What is it?
As a subset of artificial intelligence, it measures, understands, simulates, and reacts to human emotions. It’s also known as affective computing, or artificial emotional intelligence, and allows for a much more natural interaction between humans and machines.
Think of the way you interact with others - what do you look at first? One of the major factors is body language, (a change in it means a change in your approach).
The Central Dilemma
How can a machine effectively communicate information if it doesn’t know your emotional state, if it doesn’t know how you’re feeling, it doesn’t know how you’re going to respond to specific content?
Even though humans have the upper hand when it comes to detecting emotion, machines are experts at analyzing large amounts of data. They can listen to changes in tone, attitude, and pitch and make correlations to different states of sentiment such as stress or anger. Through imaging analysis, they can pick up micro-expressions on humans’ faces, many of which happen too fast for a person to recognize.
To Welcome or To Worry
Obviously, any enterprise interested in applying such technology to their practices must consider the benefit of the doubt, especially when it comes to one’s privacy. Just how vital is that emotional interaction, and are you willing to risk it all? The technology is only as good as its programmer.
There is potential in expanding it to new cases, for example, for companies to try and understand the emotional well-being of its employees, or for other mental health uses. But concern reinventing Big Brother is a legitimate worry, and one that will have to be continuously addressed within the scope of emotional privacy.

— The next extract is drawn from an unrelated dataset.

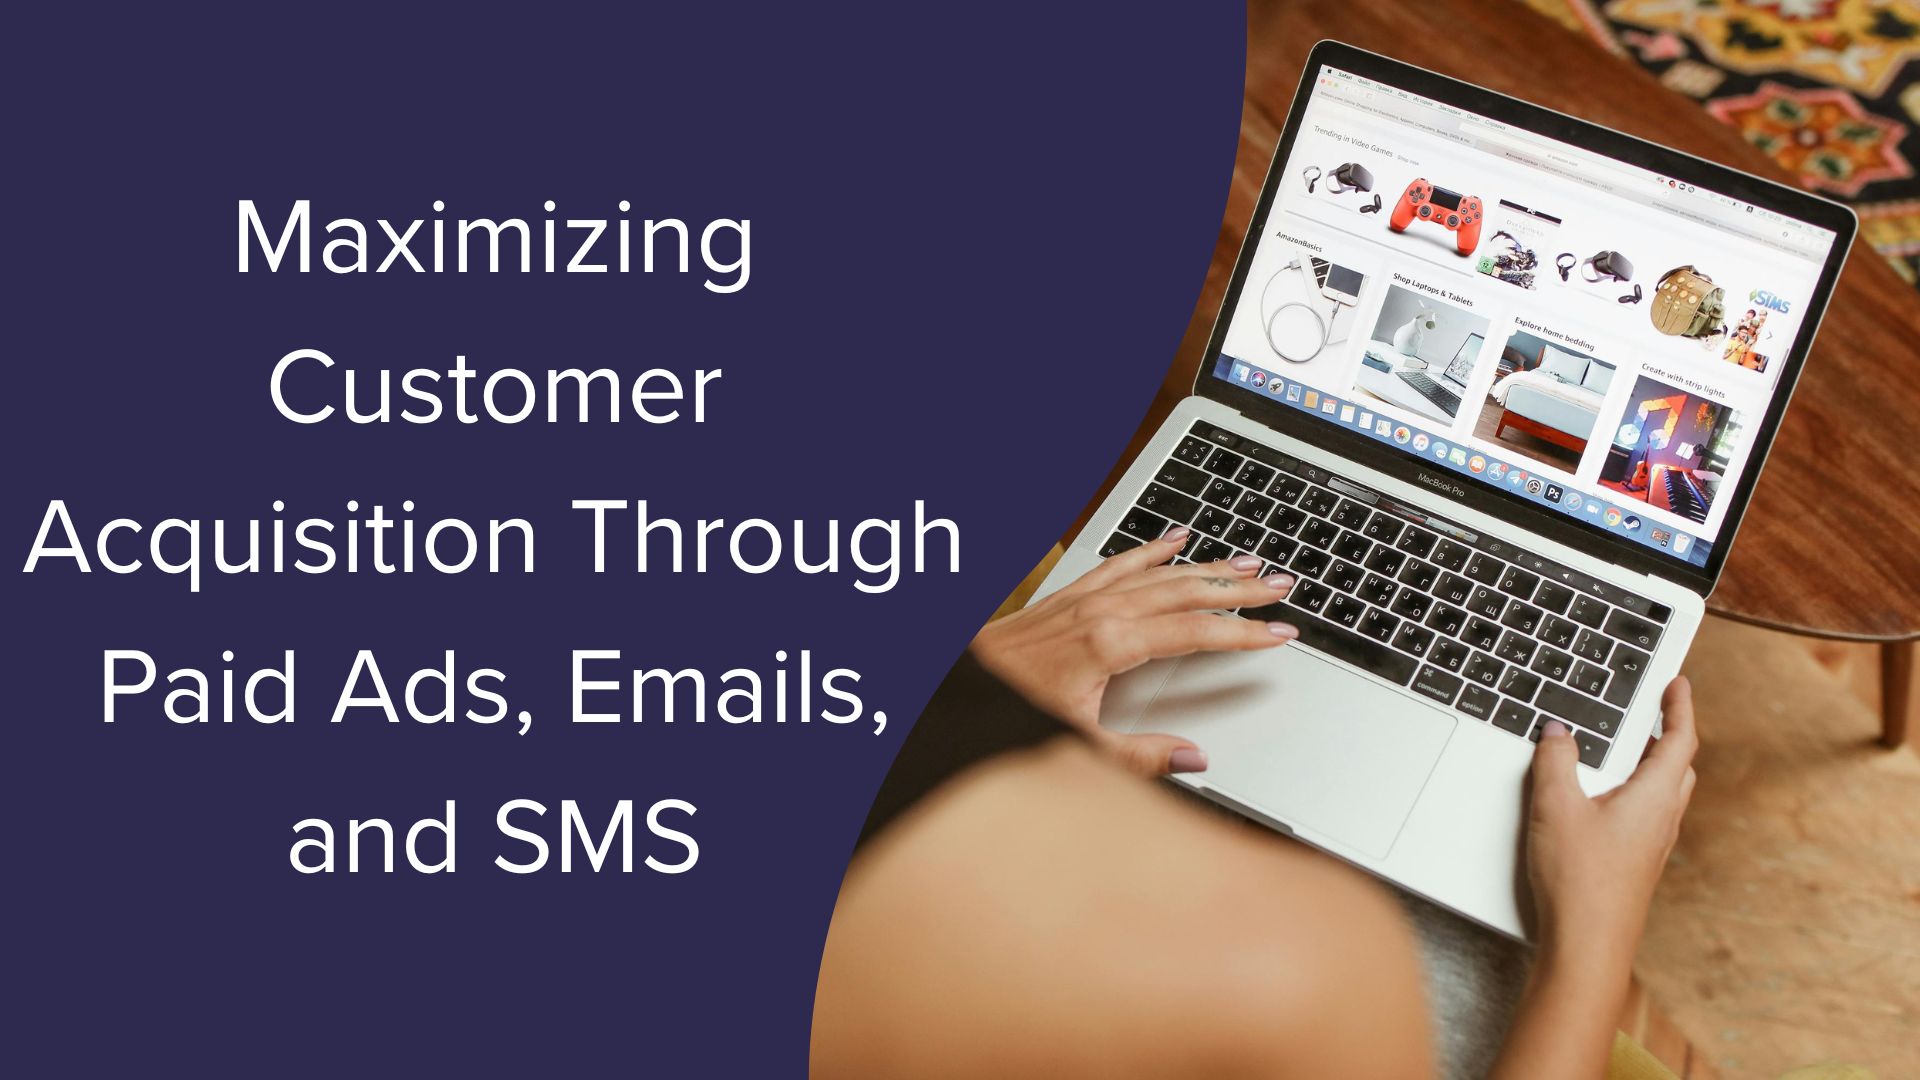 Maximizing Customer Acquisition Through Paid Ads, Emails, and SMS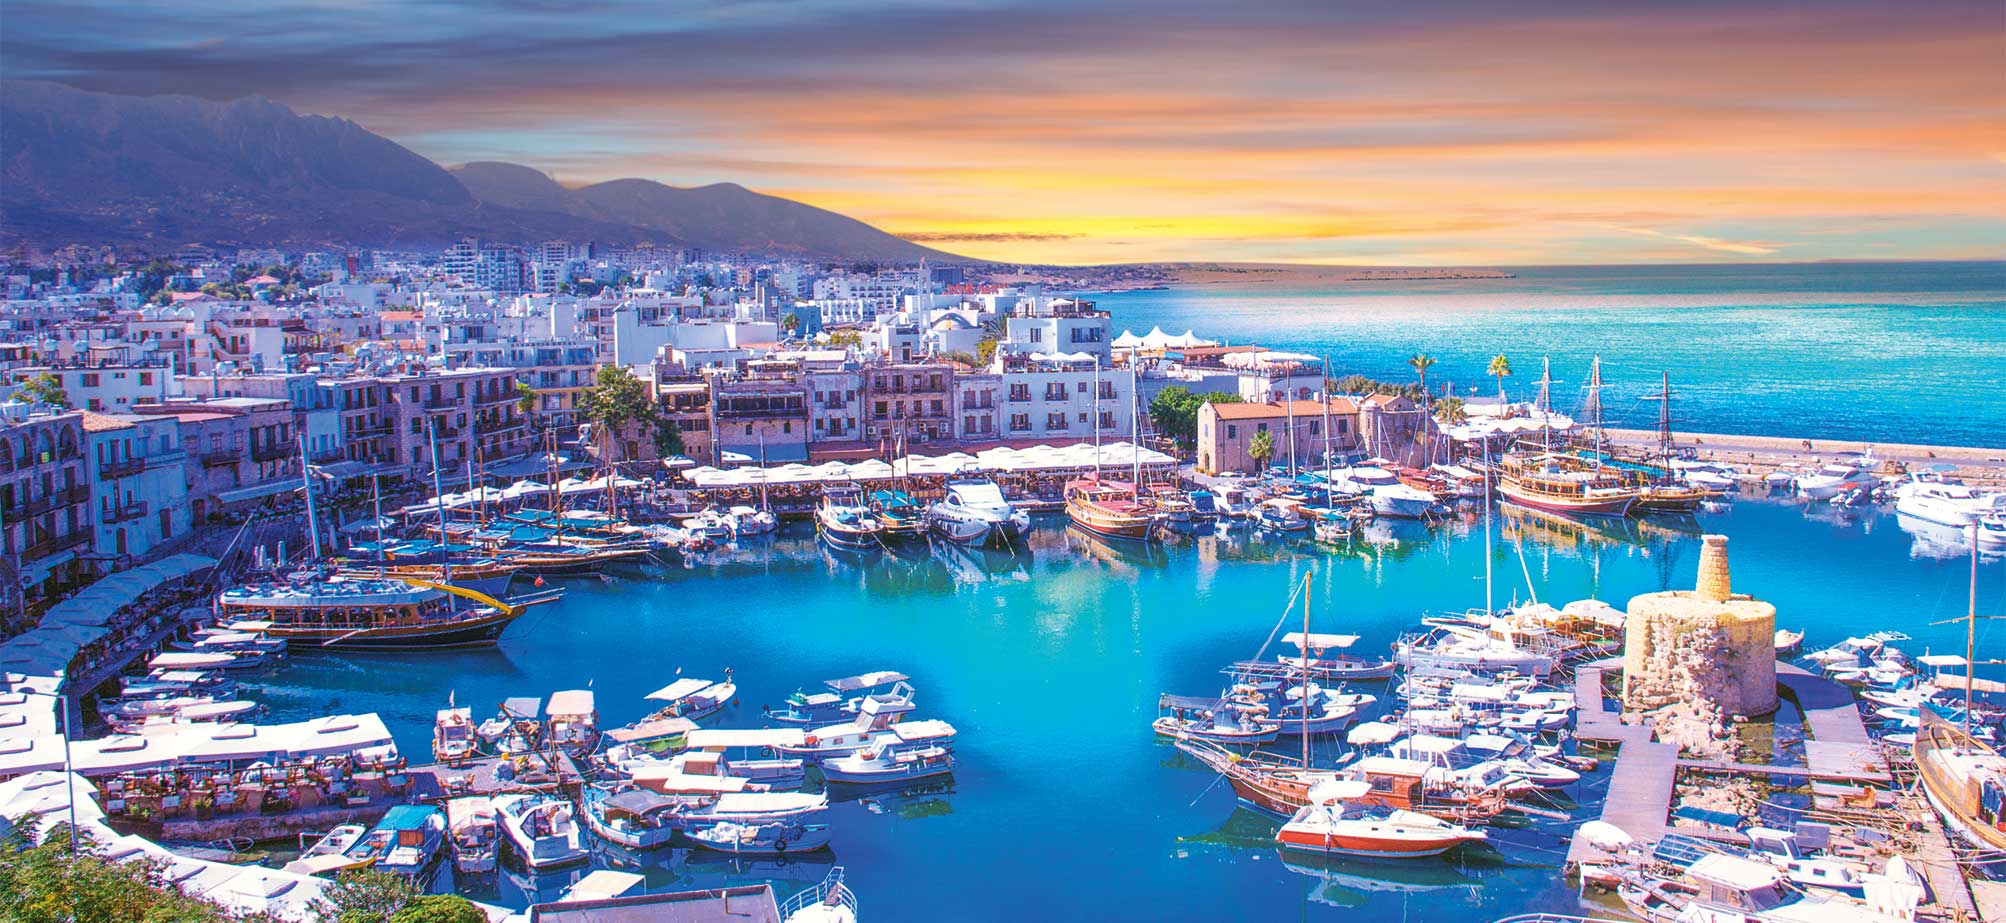 escorted tours to cyprus

In addition, such machines must be trained properly and without all due bias. For instance, recognizing emotions in an African American face sometimes can be difficult for a machine that’s trained on Caucasian faces. A similar gesture or sound may have completely different meanings in different cultures (there is already so much variation between the same ones).
So What Now?
Overall, what’s important to remember is that when it’s used thoughtfully, the ultimate benefits of the technology can and should be greater than the cost. At the end of the day, machines were always meant to help augment man and help him surpass his own limits.